WHAT TO PRODUCE
Transcribe all of the data exactly, leaving nothing out.

RECORDED INFORMATION
———

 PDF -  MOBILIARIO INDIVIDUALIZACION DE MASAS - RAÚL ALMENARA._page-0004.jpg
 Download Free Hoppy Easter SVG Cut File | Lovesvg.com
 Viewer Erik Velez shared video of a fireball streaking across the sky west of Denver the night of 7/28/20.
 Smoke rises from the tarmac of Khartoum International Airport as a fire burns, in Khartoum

———

TASK RESULT
 PDF -  MOBILIARIO INDIVIDUALIZACION DE MASAS - RAÚL ALMENARA._page-0004.jpg
 Download Free Hoppy Easter SVG Cut File | Lovesvg.com
 Viewer Erik Velez shared video of a fireball streaking across the sky west of Denver the night of 7/28/20.
 Smoke rises from the tarmac of Khartoum International Airport as a fire burns, in Khartoum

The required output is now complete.